A Boston Globe story in March discussed Harvard’s lack of coaching diversity, pointing out the fact that though there are more Crimson sports teams than any Division I school in the country, none of the programs are headed by black coaches.
Nichols Family Director of Athletics Robert L. Scalise did his best to answer critics soon after, when he hired Tommy Amaker as the new head coach of Harvard men’s basketball in April. Still, he’s just one of 32 head coaches at Harvard—a single African-American face in the athletic department of a university perpetually claiming its commitment to diversity.
Amaker, who previously coached at Michigan and Seton Hall, notes that compared to its peers, the Crimson’s teams have done a relatively good job.
“I think our history has been pretty good with hiring a diverse coaching and athletic department,” Amaker says. “I’m the third African-American basketball coach at Harvard, and it’s hard to find that many places with that kind of track record.”

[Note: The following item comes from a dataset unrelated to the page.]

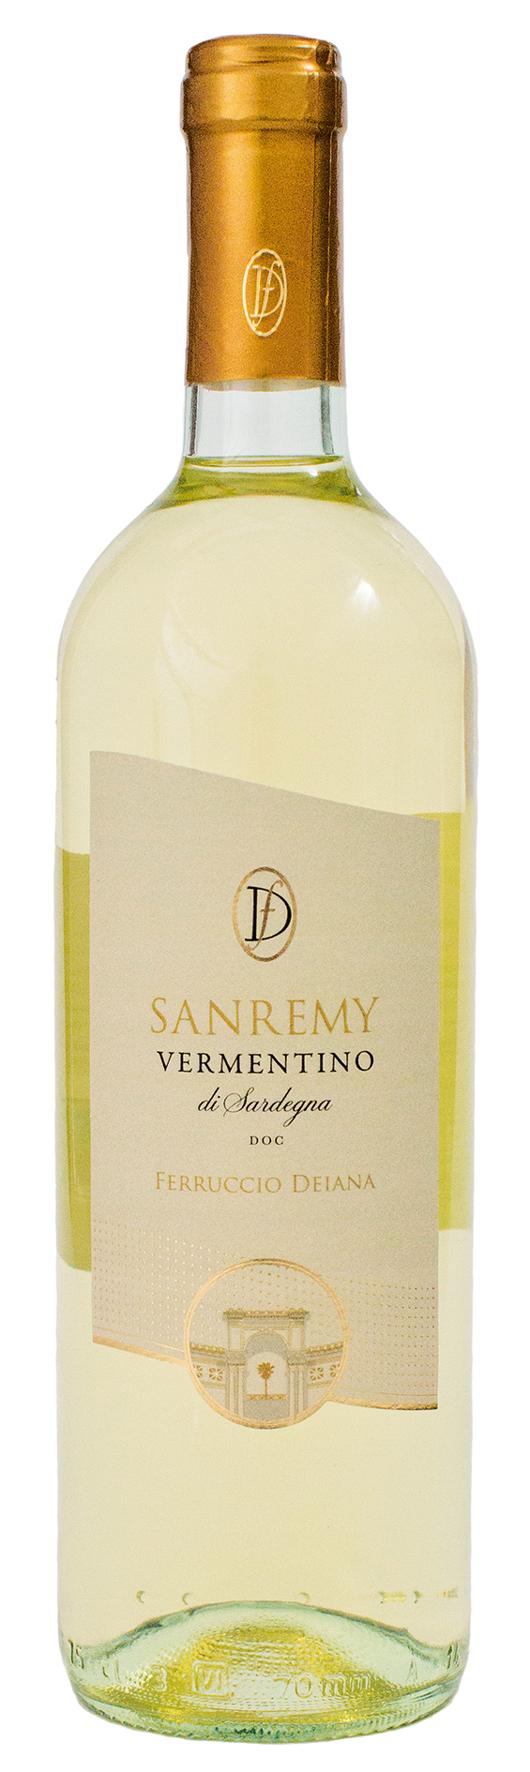 2015 Sanremy Vermentino DOC FERRUCCIO DEIANA

Ironically, part of the problem of promoting diversity is the longevity often associated with Crimson athletic positions. Hired in 1982, former track and field and cross country coach Frank J. Haggerty ’68 didn’t retire until last year. And legendary crew coach Harry Parker has been at Harvard since 1963.
Still, with only a single big name African-American presence then as there is now, it’s a matter that will continue to receive discussion.
“No one has done enough,” Schoenfeld says.
Reardon agrees. He also notes that any change—whether physical, philosophical or racial—takes time to implement.
“It’s not so simple,” he says. “Nothing happens overnight.”